▸ **TASK DIRECTIONS**
In the records below, the line with "Bernard Kouchner Größe" opens the range and the line with "White kitchen ideas, white" closes it; print that range exactly and nothing else.

▸ **EXCERPTED RECORDS**
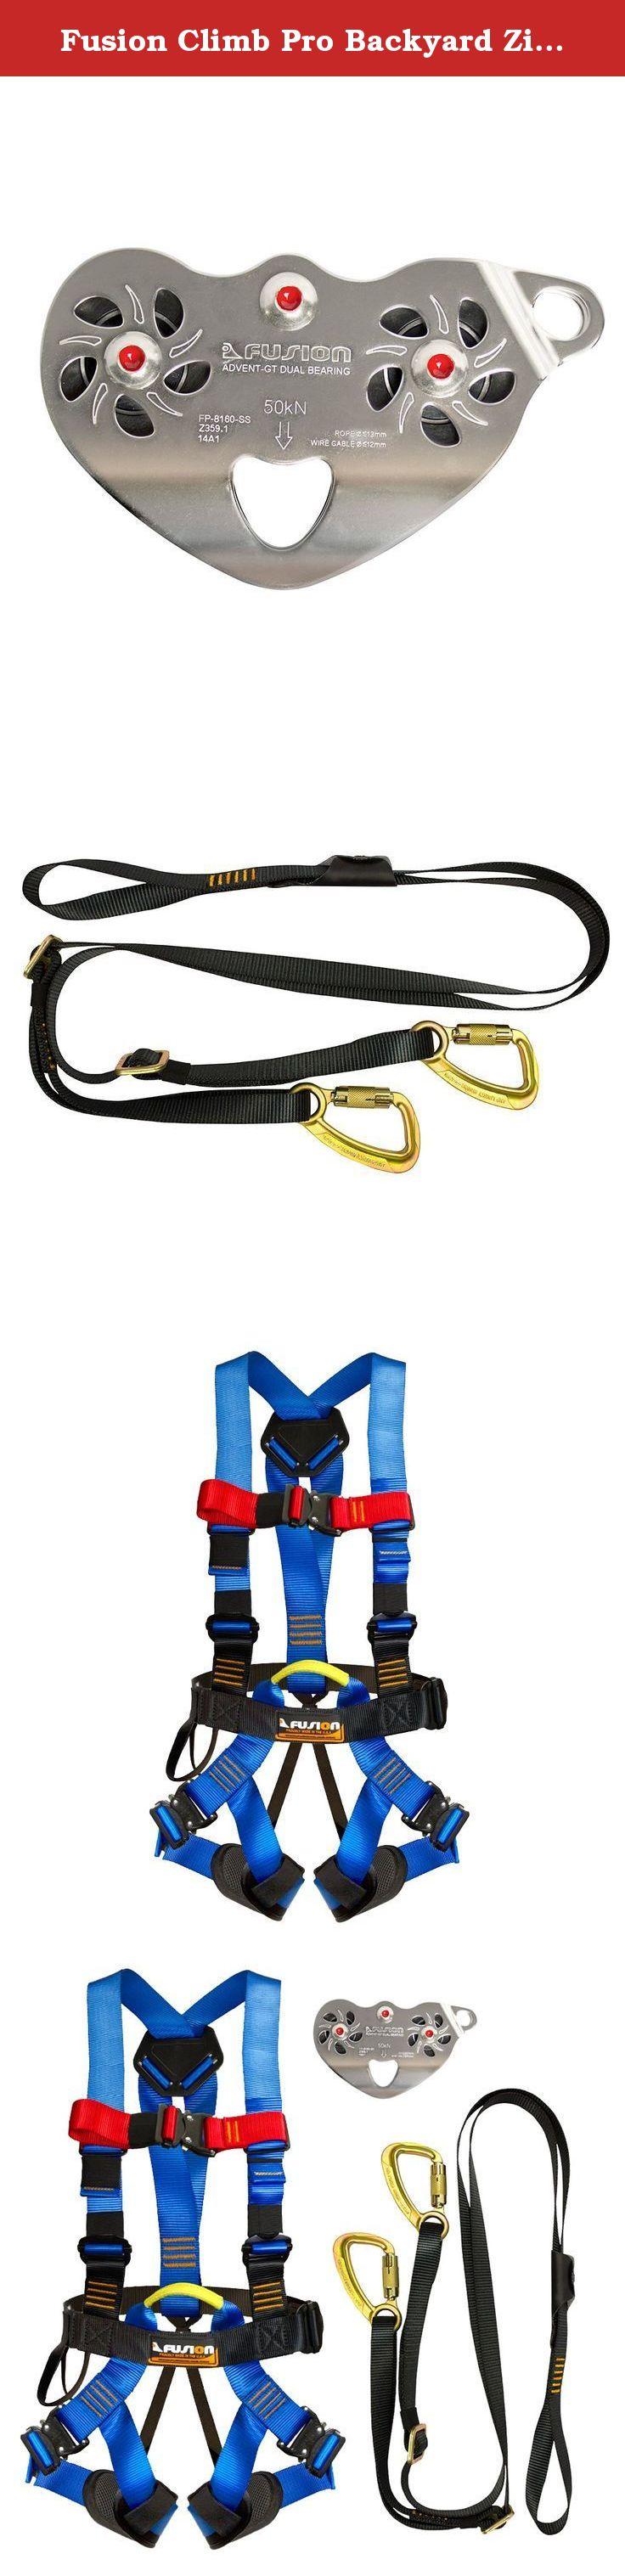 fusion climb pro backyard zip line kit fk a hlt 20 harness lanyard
...
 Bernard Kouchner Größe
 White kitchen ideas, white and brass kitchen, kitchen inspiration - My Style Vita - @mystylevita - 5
...
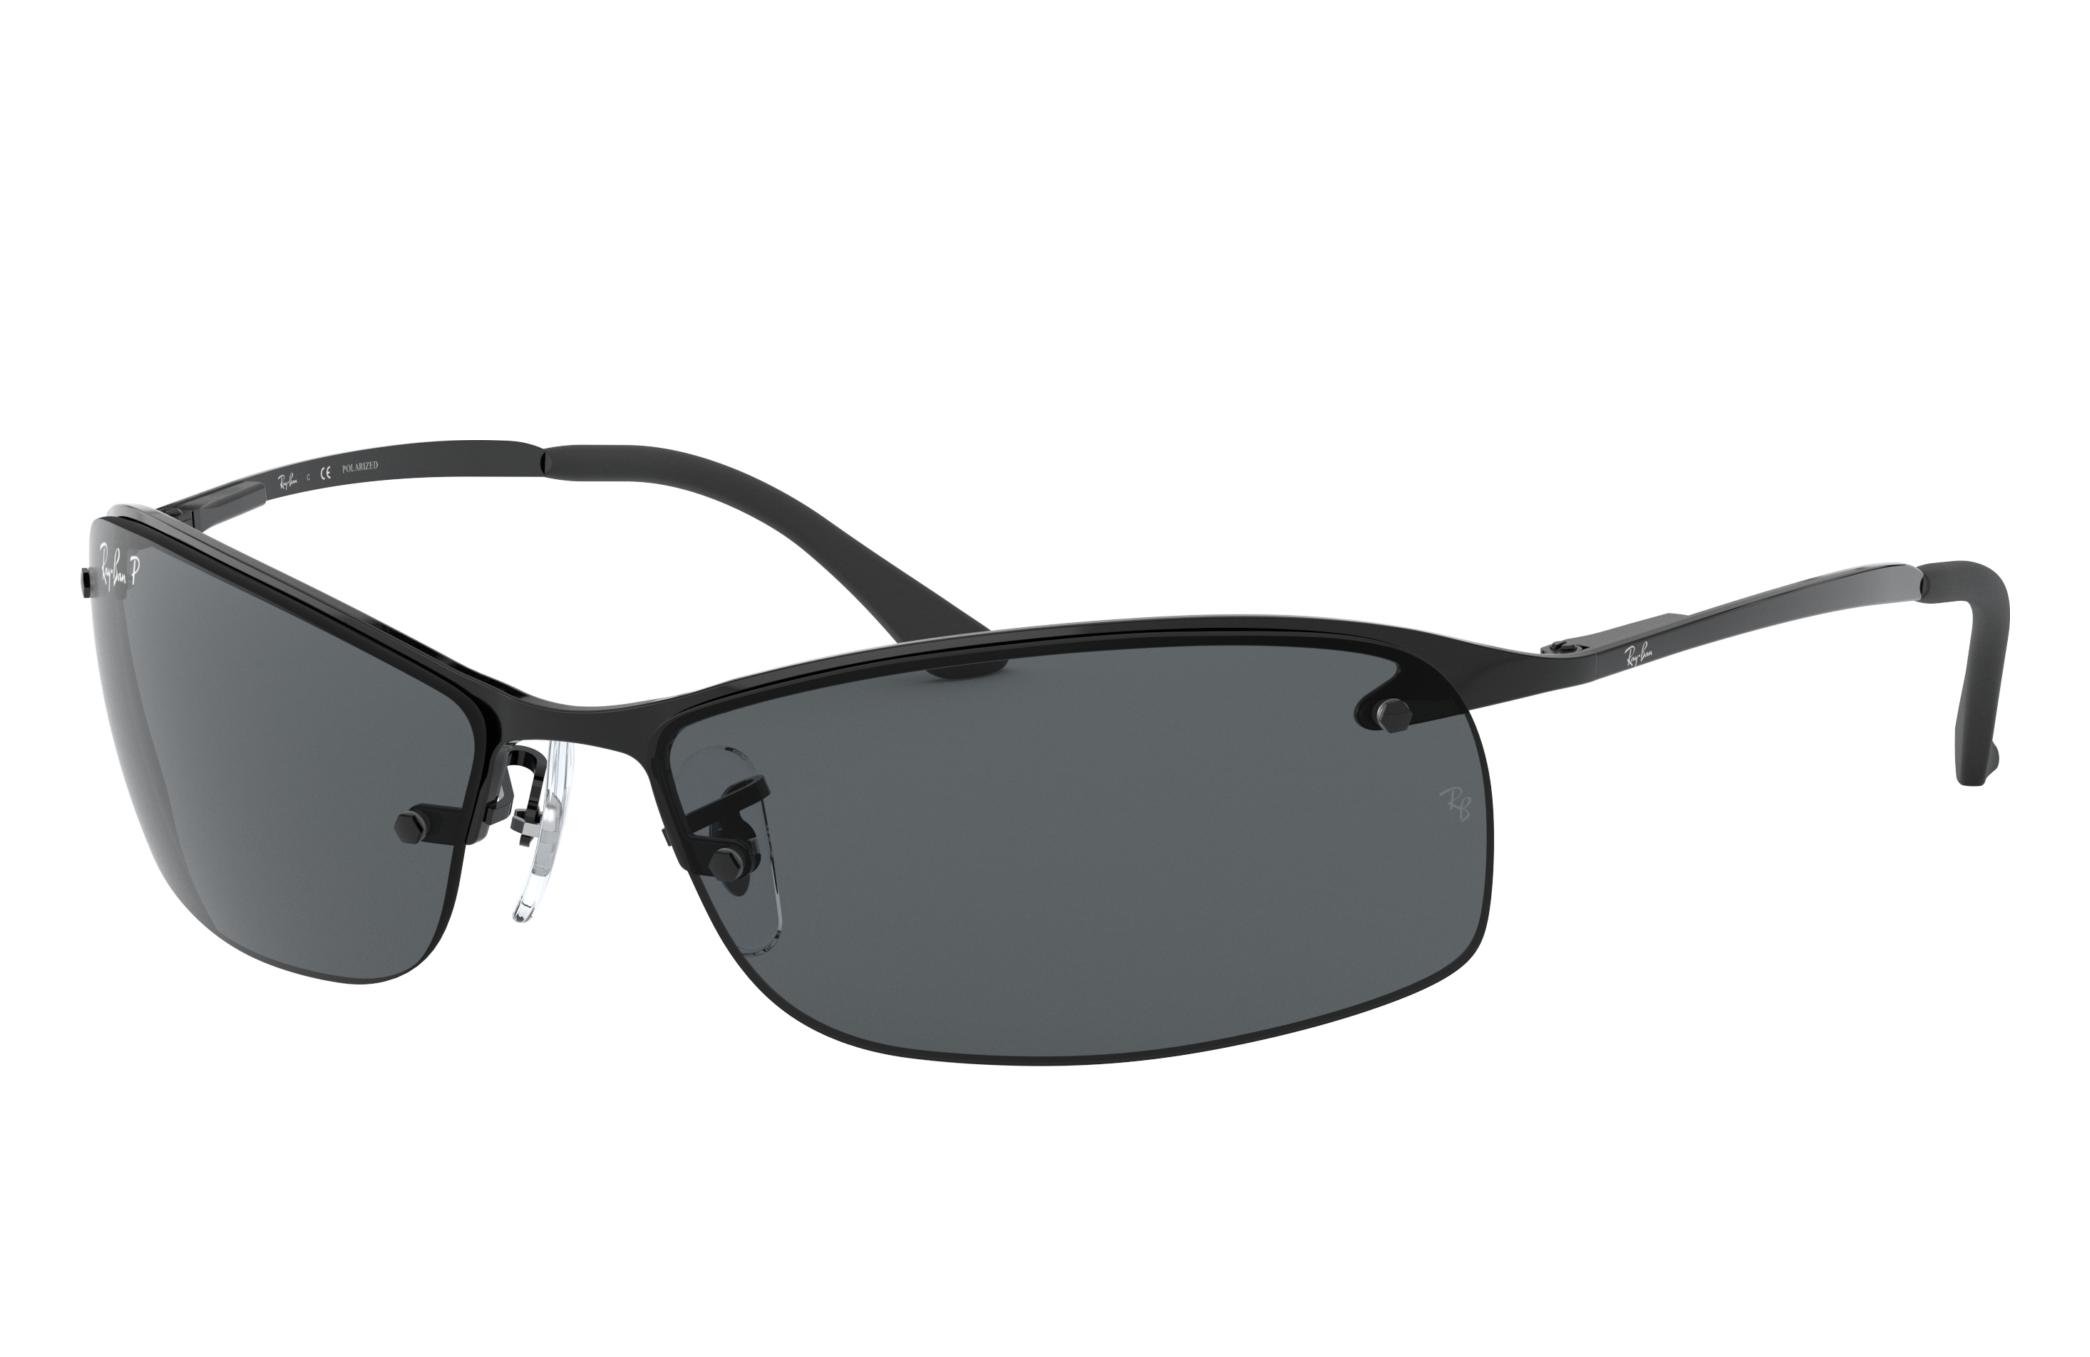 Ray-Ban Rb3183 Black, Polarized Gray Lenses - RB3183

▸ **EXPECTED ANSWER**
 Bernard Kouchner Größe
 White kitchen ideas, white and brass kitchen, kitchen inspiration - My Style Vita - @mystylevita - 5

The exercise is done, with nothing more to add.